Now... lets be REALLLLLLY charitable, and say that somehow they let you administer their college network. First... I think you should do the moral thing and let the world know which college was dumb enough to let that happen, and secondly if any administrator knowingly had a 500+ seat installation getting enough "software crashes" to matter without resolving it tout-de-suite, its 100% the administrators fault and he's going to (or should) get canned immediately.
Now, if you are an admin then of course, its unsurprising you're having issues keeping things in check with those "750 DELLs" and "mac Fleet" what with your college,
blog ("content central." and sweet Tokelau domain name, brah) and
development company (lawl.)
Now, the most ironic part of this post was how out of date the (now defunct) SGI references were... and that (the company that bought and used it for its IP) SGI now makes x86 blades and rack minicomputers that run not only SUSE or Redhat (sorry, no OSX support) but
Windows too. Up to 2048 cores.
So you could run a few racks in the basement for a
shared memory system with processor blades, install a retail WS08DC r2 and have a machine workstation that could literally decimate any known OSX workstation in any threaded task.
Oh.. and IRIX died about 5 years ago. Don't worry though... I didn't know **** back in college either (although,fwiw, I had been coding 3 kinds of assembler before you were born, by the time I was 12.)
1) I was a paid IT Technician for my sixth form college for 2 years, if you want proof Im sure I can find some for you. I finished there when I moved to uni.
2) I have an SGI Fuel. I like IRIX 6.5.30 It didnt die 5 years ago, they just stopped selling machines with it on it 5 years ago, and stopped development then. It has some really nice software, and I like the UI, then again I still use OS9 for some software (th0nk 0+2). And IRIX is still supported until 2013 - its hardly dead.

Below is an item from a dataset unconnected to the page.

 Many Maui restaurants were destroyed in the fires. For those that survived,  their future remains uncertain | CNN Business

3) There were 5 of us managing a deployment of 750 DELLS and 150 Macs (iMacs - some white, some 20" Alu) - In a college of 2000 pupills across years 12 and 13 (Grades 11 and 12 in American) - I was the evening support tech, and worked over the summer upgrading and maintaining the network while a language school rented the school. - The software was required by the college, it wasn't our choice, it was a county level decision, and it crashed the machines regularly (It was a SIMS tool based on MS Access and SQL Server 2005 - and since it had to run on every machine at logon, so students could self-certify their absences before waiting approval from a tutor, it made logging in incredibly slow, and it caused all kinds of havoc). My experience in said environment was that the DELLs had a much higher software failiure rate than the Imacs. I didnt have purchasing power over the software, if I did we wouldve been using a properly done web-based system for certifying abscences from the start, and would actually assess departments needs instead of throwing OptiPlex 3xx series machines at them randomly, which is what happened.

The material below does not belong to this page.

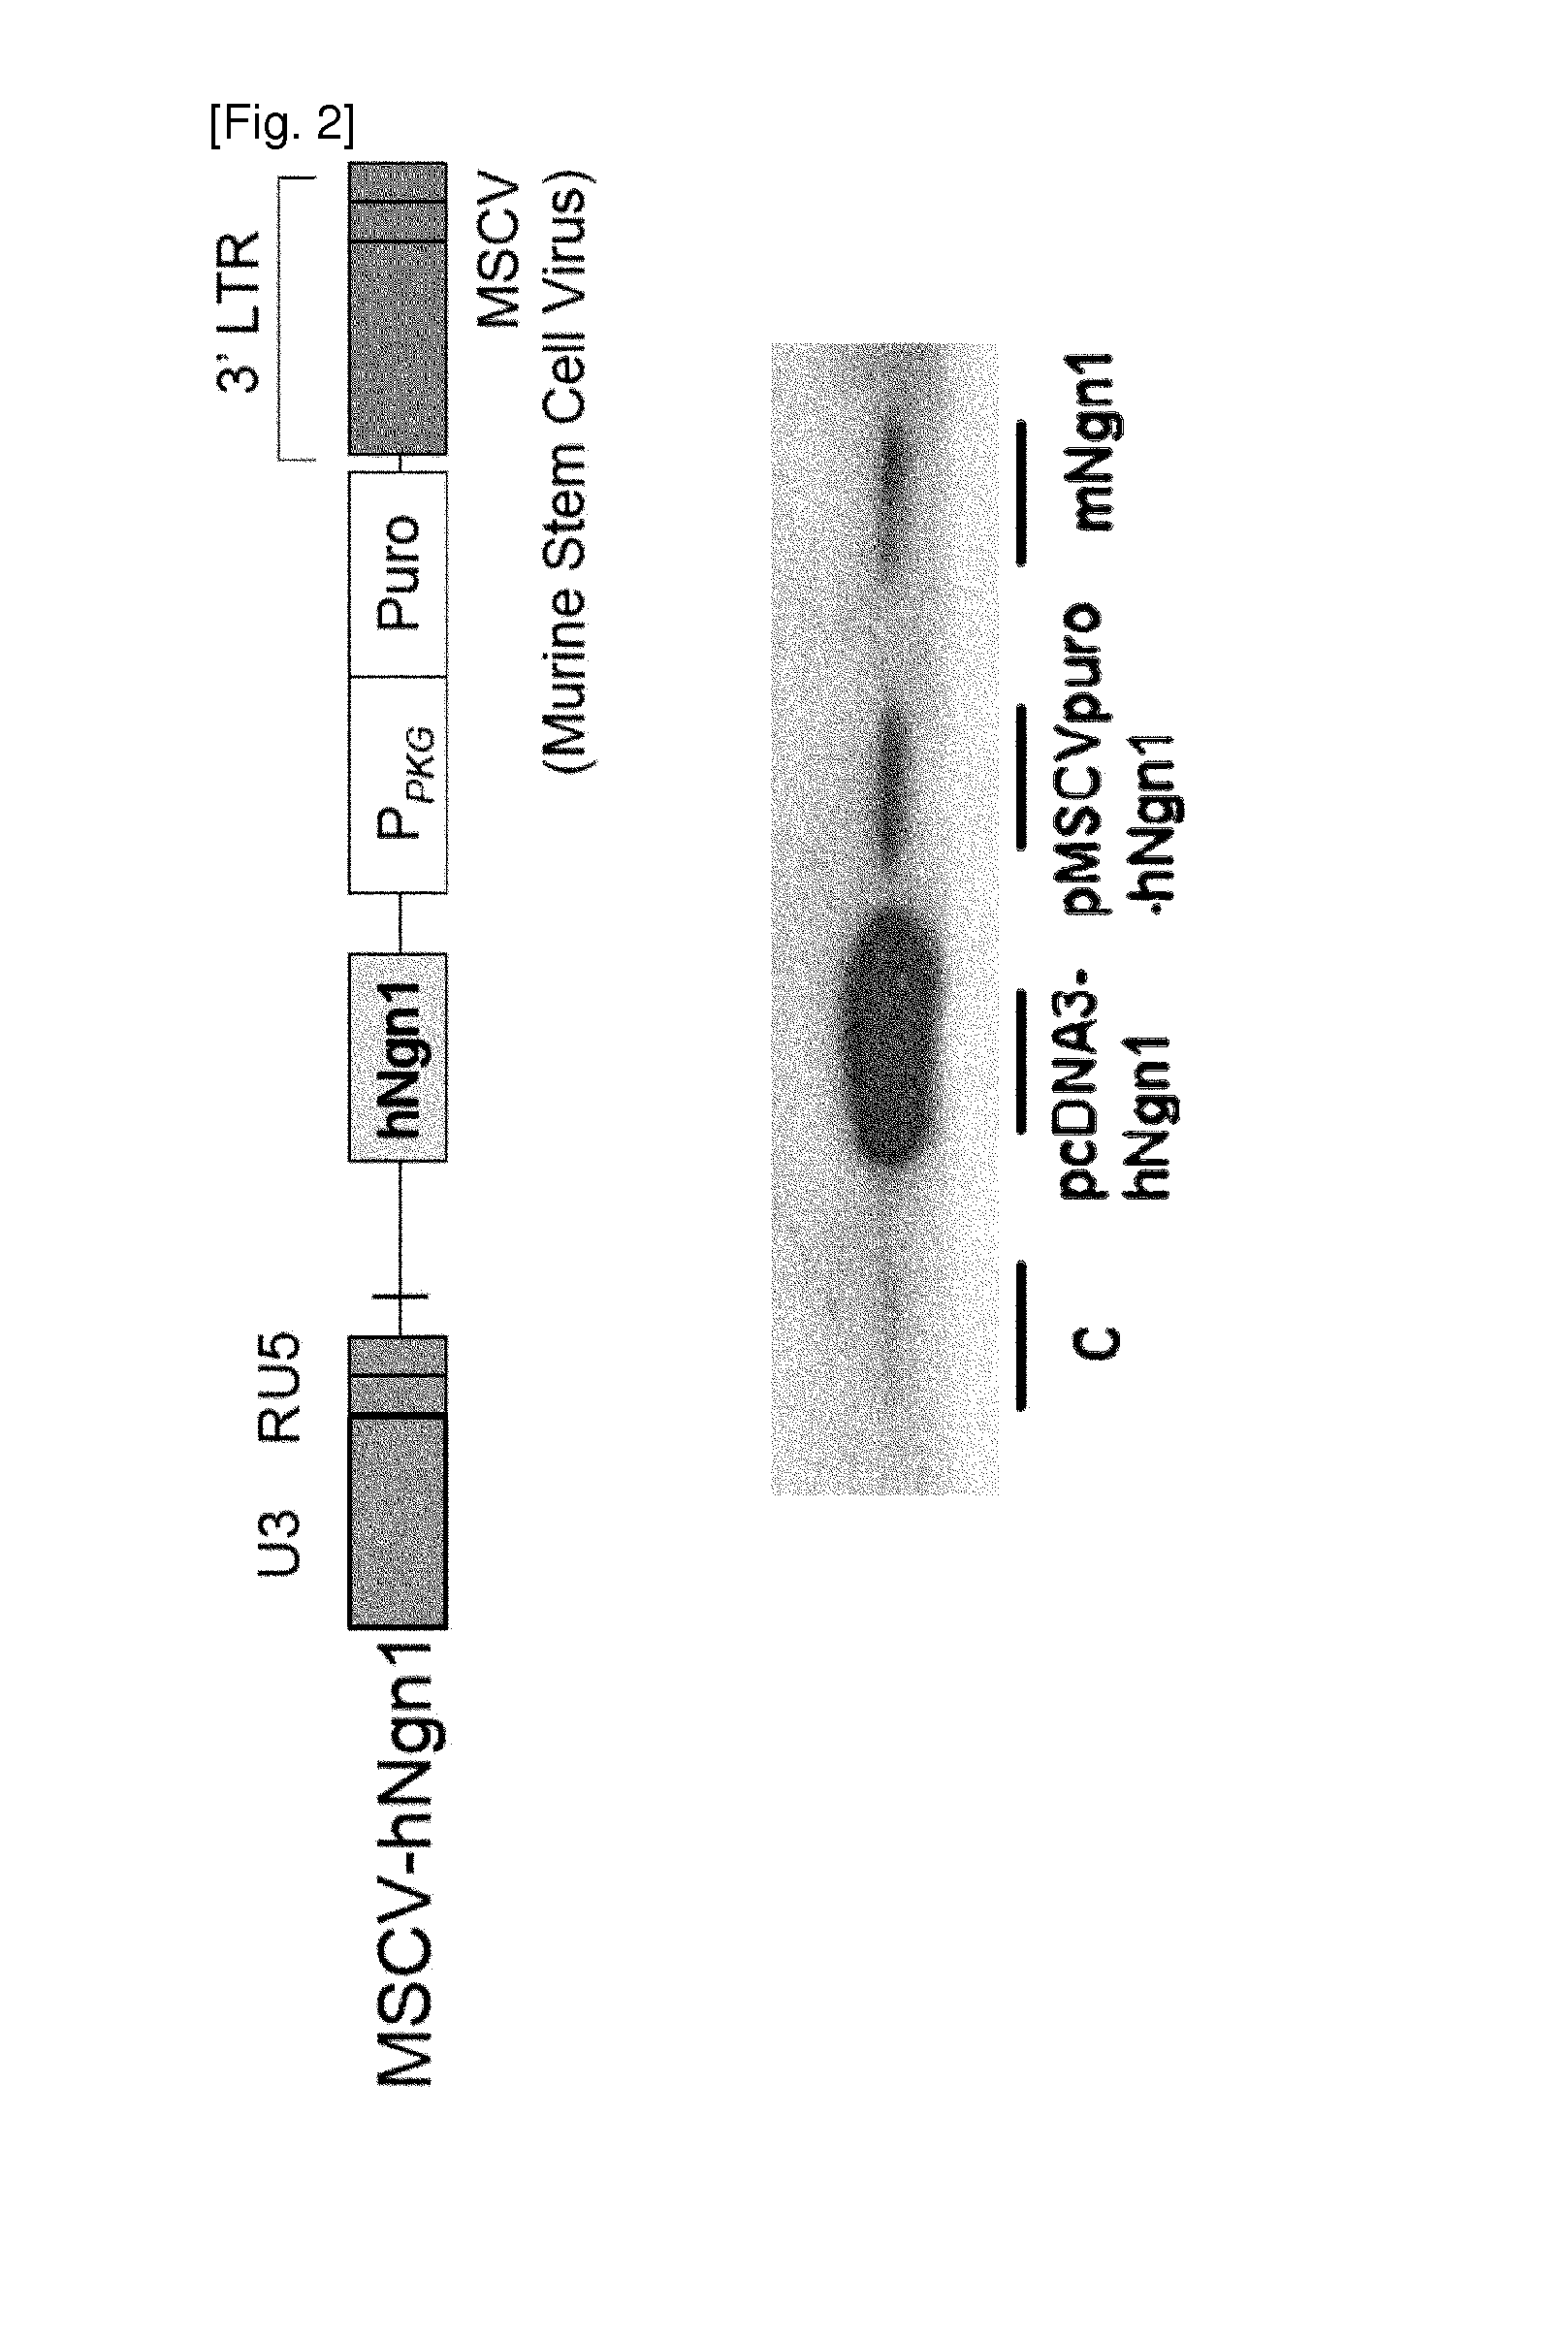 Adult stem cell line introduced with hepatocyte growth factor gene and neurogenic transcription factor gene with basic helix-loop-helix motif and uses thereof

4) SGI is no longer SGI, it is part of rackable systems - I like the old SGI, pre switching off MIPS, and pre-abandoning IRIX those machines are still useful to this day, and I love them. They also have plenty of relevance since they are still in use in many places for things, because people upgrade slowly
5) That isnt my development company, it is thecreativeg33k/ware.am.i's. I have absolutely nothing to do with it, and I dont know where you pulled it from, except from a RETWEET. Quite clearly labelled as such, which shows you cant use TWITTER

- I dont develop software for iOS, because I dont have the time to support it, I have other things to do.

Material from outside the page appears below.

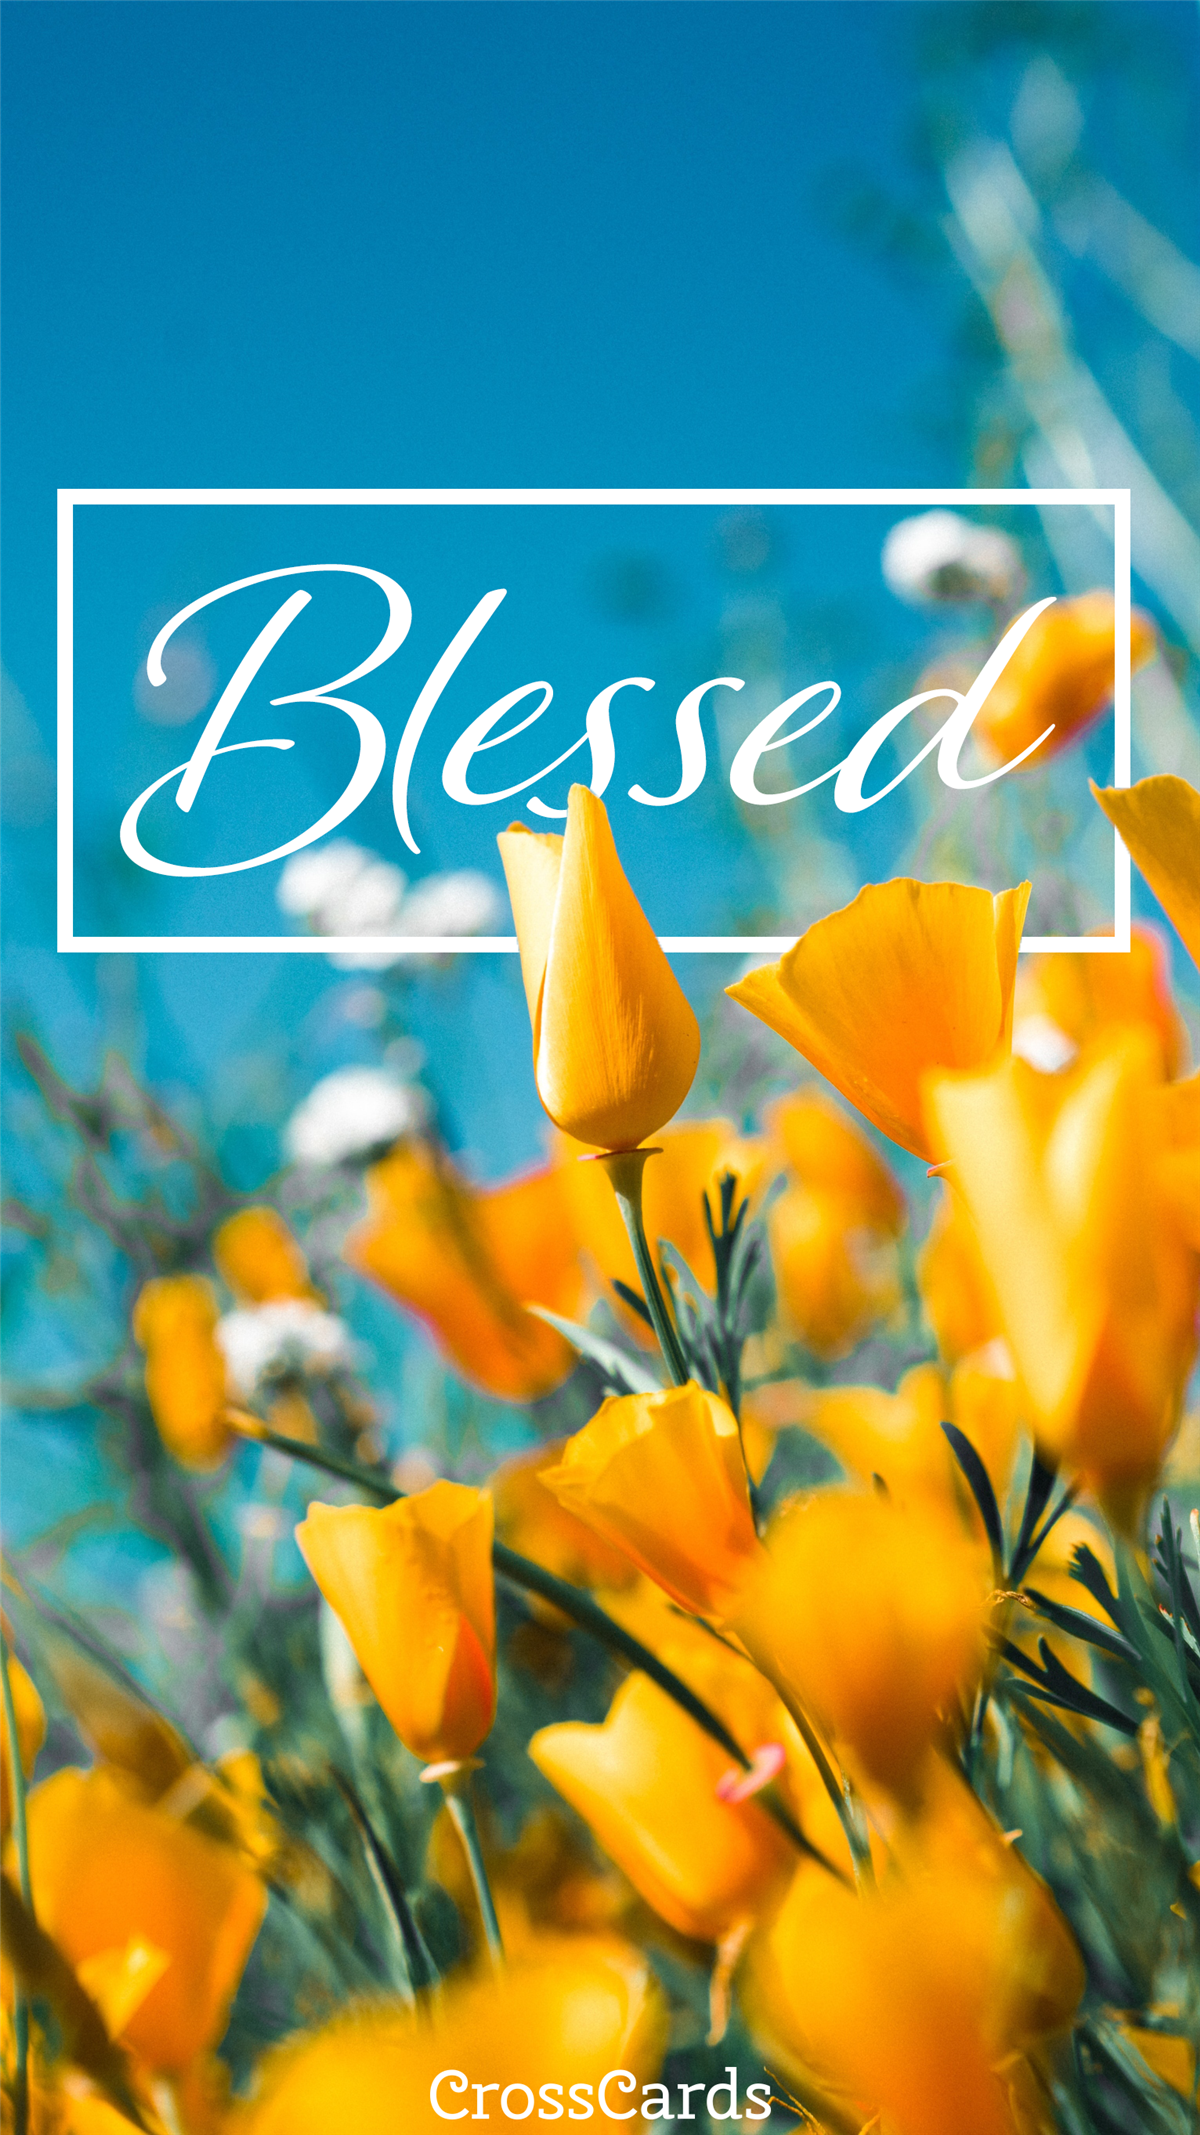 Blessed wallpaper - Phone Wallpaper and Mobile Background

6) I can code assembler too, although it isnt particularly enjoyable, because I prefer not having to remember 3-4 character instructions and what I left in which register. I dont have a development company however, because I have more important things to do with my time, such as teaching myself Final Cut Pro and Logic Pro.
7) That blog is 2 years old, and Im surprised is still there, Ive given up on blogging as it takes as much time as video content, which is what my subscribers prefer, I also took down the old entries as Id had enough of them, and didnt consider them valuable enough - that page was a quickly thrown together holding page in iWeb '08, and hasnt been touched in 2 years. If you could read youd see that.
8) Final Cut Pro and Logic Pro dont even run on Linux. The only part of my workflow that would run is Shake, and even then I doubt it would run any better than it does under OS X.